Until the beginning of modernism, Photography, Truth and Art used to be close friends. The most admired quality in Western art was mimesis-objects in painting and sculpture which closely resemble things in real life.
Even when the first photographic prints were developed from a negative in 1839 by William Henry Fox Talbot, he immediately saw the mimetic new medium as an art form. Talbot’s first book was called “The Pencil of Nature”, which was a book of reproduced photographs. Talbot’s “The Open Door” (1844) a picture of a tree-branch broom leaning aesthetically against a dark doorway, can straightforwardly claim to share a few chromosomes with the unique art of creating paintings.
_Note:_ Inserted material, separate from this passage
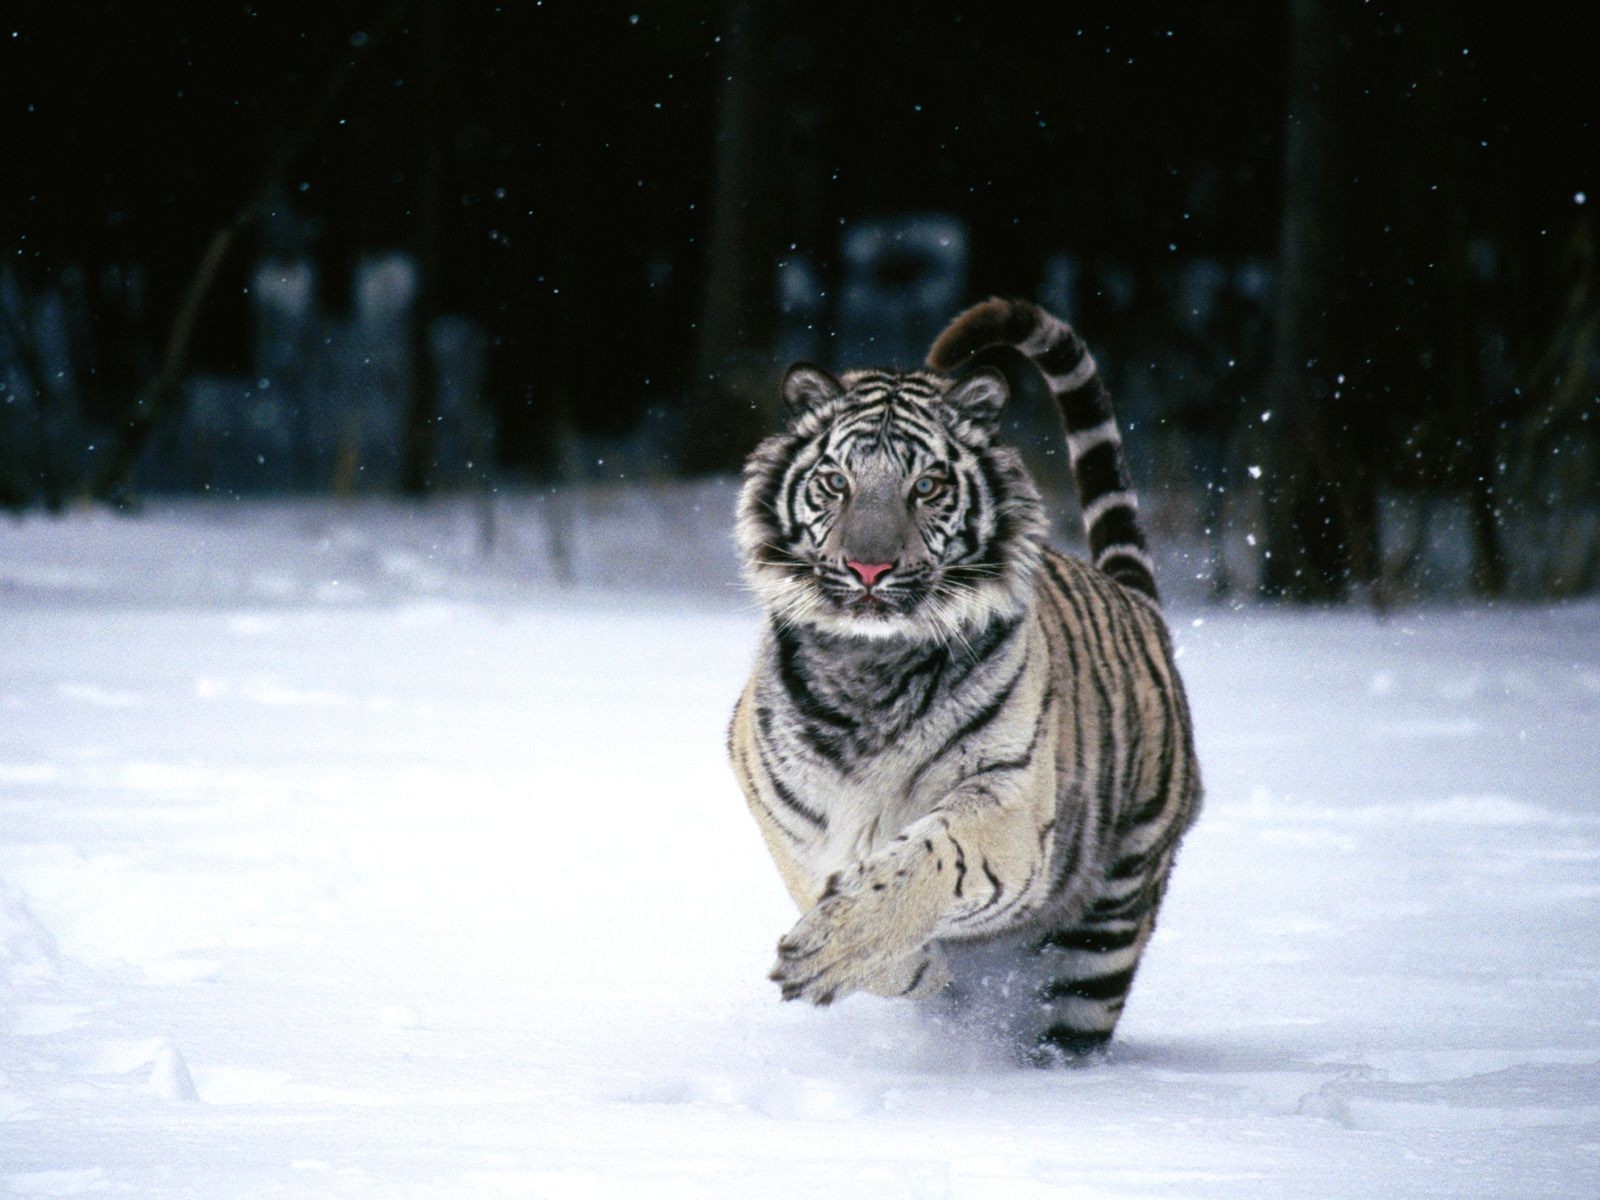 General 1600x1200 tiger snow winter animals big cats mammals

Great photographers have never recorded visual facts indiscriminately. They selected their subjects prudently and framed their views of them precisely, in order to give their photographs the look of ‘Art’. “Pictorialist’ photographers, in the beginning of the 19th century used soft focus, toothy paper, sepia tones, multiple negatives and even scratching the of the image as a way of getting photographs to look more like paintings.
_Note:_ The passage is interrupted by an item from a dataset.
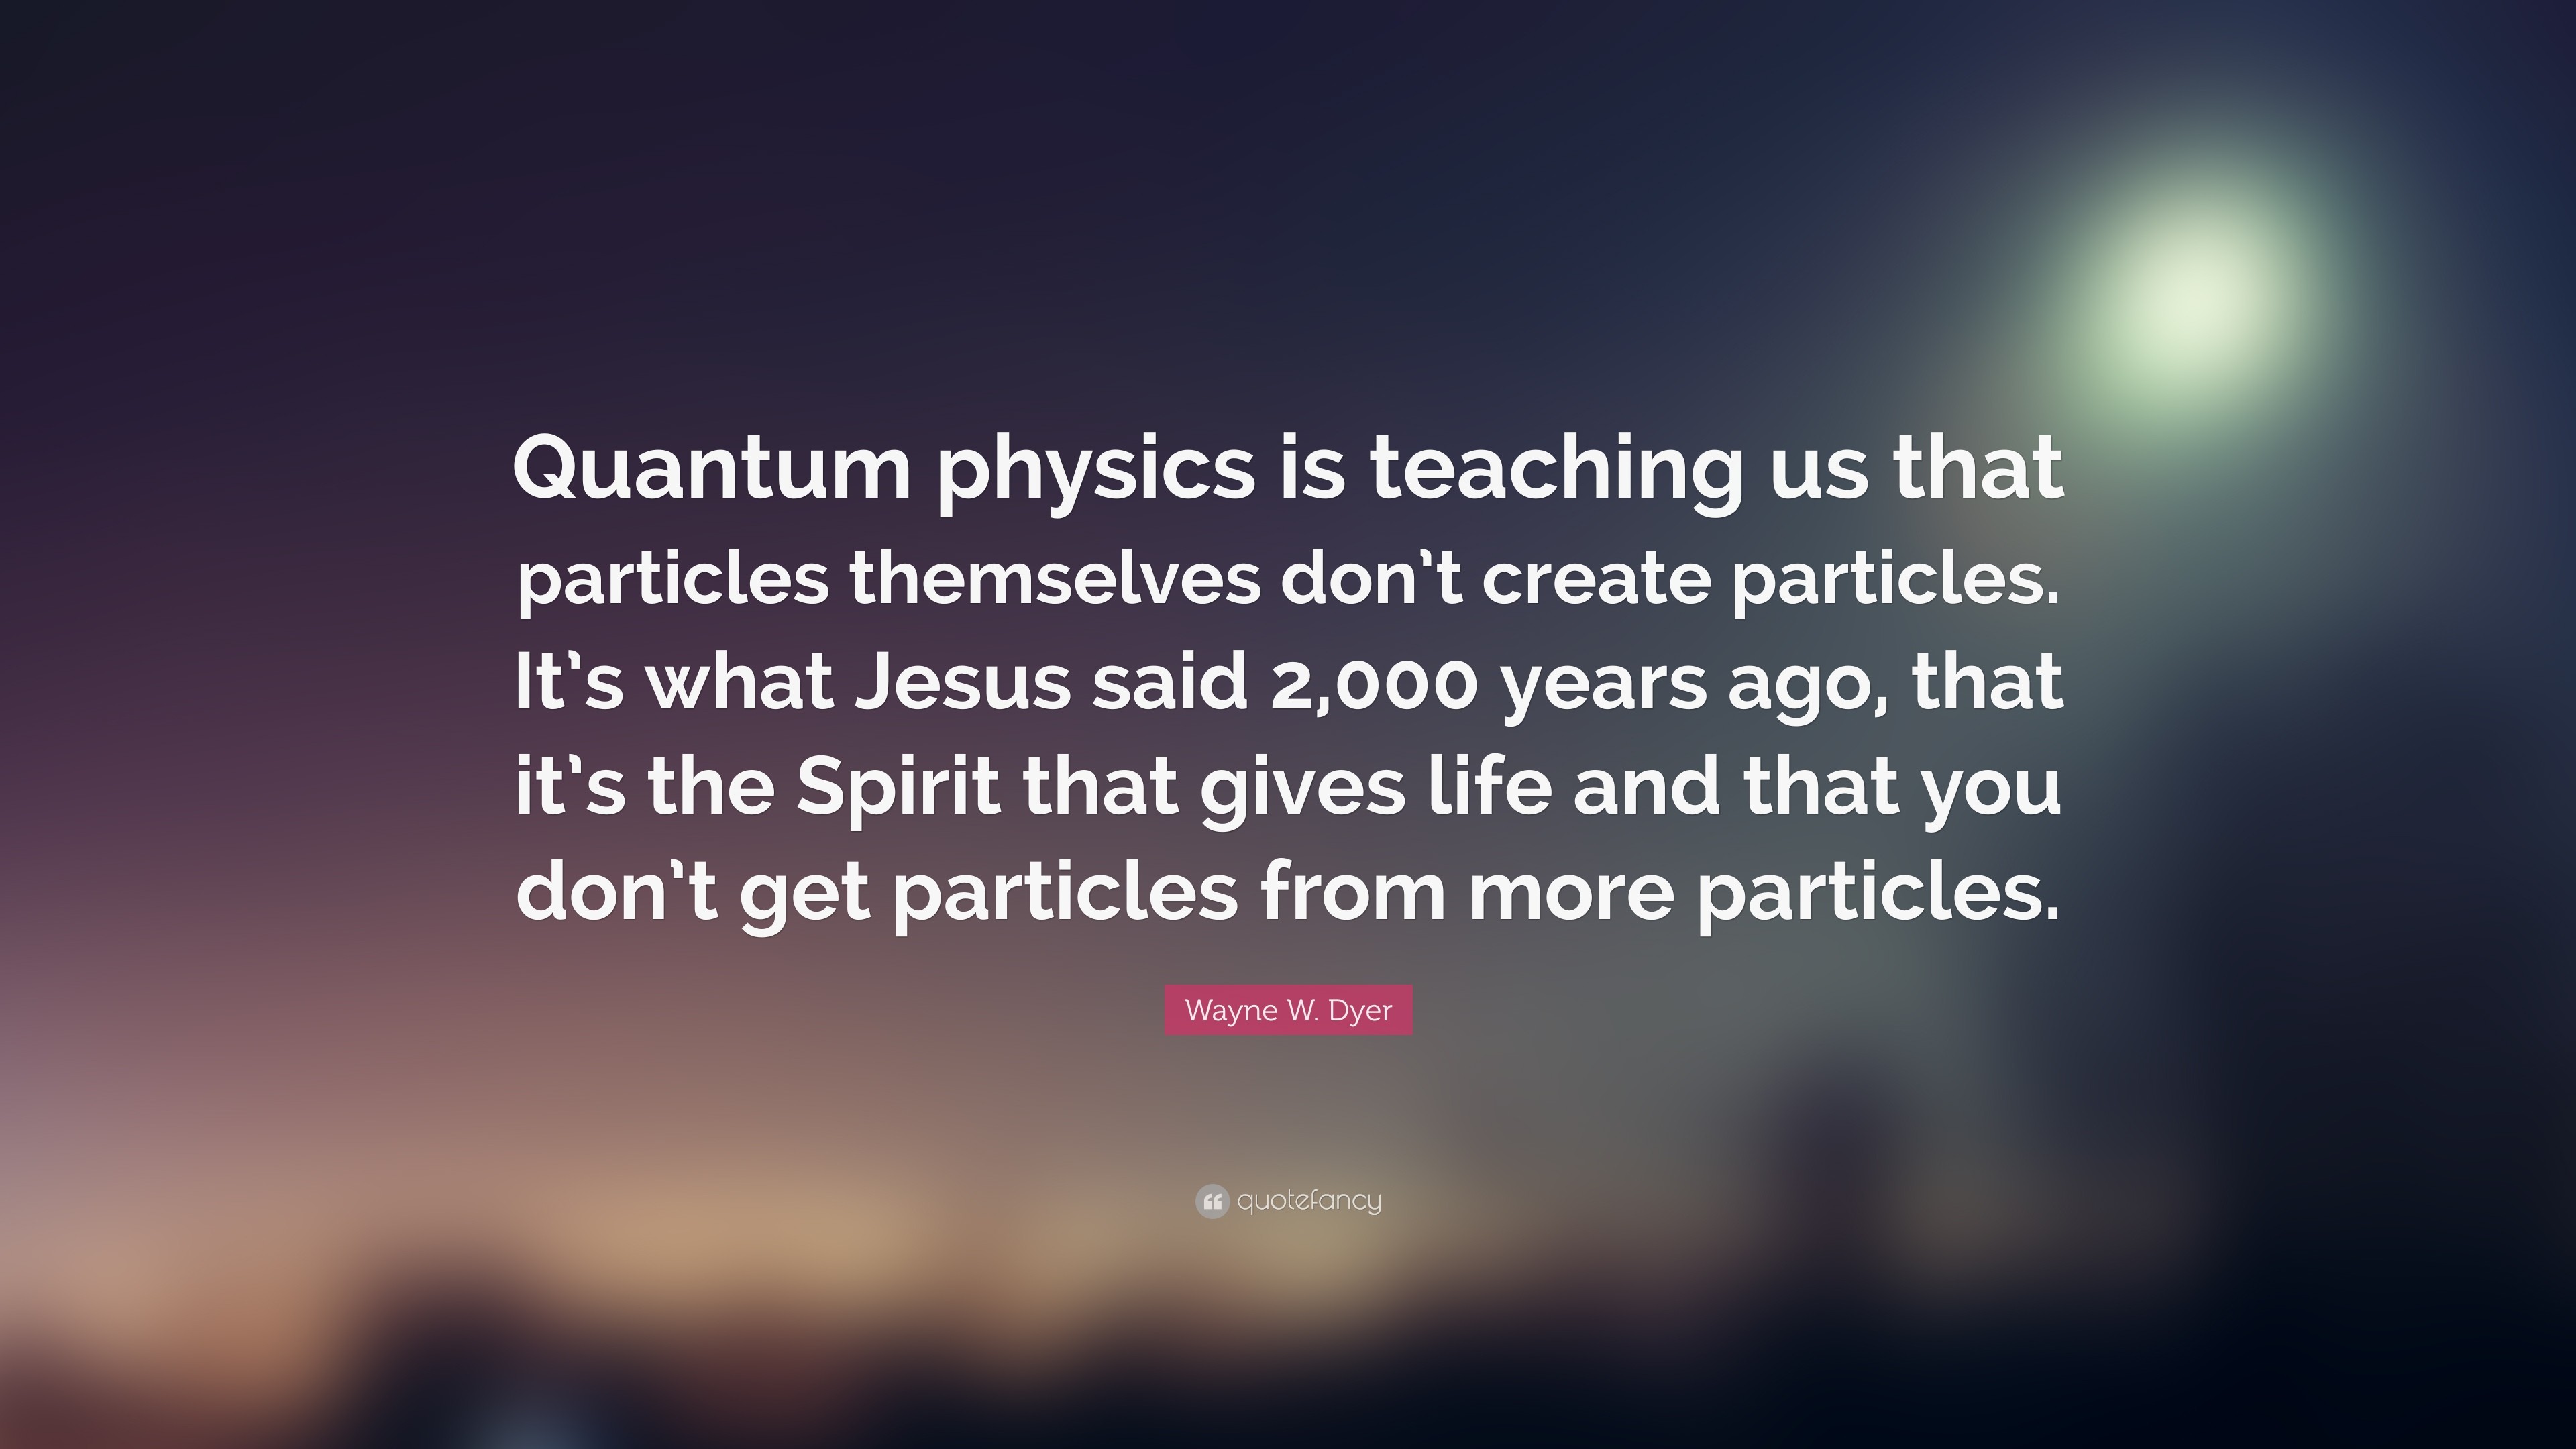 Quantum Physics

Soon, photography escaped the exclusive grasp of the specialists and affluent hobbyists who could manage to pay for its cumbersome equipment and the public began to take its own pictures. In the 1920s, small, economical fast-shutter cameras like the Kodak Brownie appeared. By 1950, according to Kodak, approximately three quarters of American families possessed cameras and took 2 billion photographs with them. By the 1970s, they were taking 9 billion photographs a year, most of them quick, unceremonious snapshots.
What the inadvertently great snapshot shared with the work of realist artist-photographers like Dorothea Lange and Walker Evans in the 1930s and ’40s, and Diane Arbus and Robert Frank in the 1950s and ’60s, was that the people in them were who they looked like they were—raw-boned farmers, persevering miners, harried housewives, burly bikers—really doing what they looked like they were doing.
As gallery material, photographs are now essentially no different from unique oil or watercolour artwork for walls concocted entirely from an artist’s imagination, except that they lack painting’s manual touch and surface variation.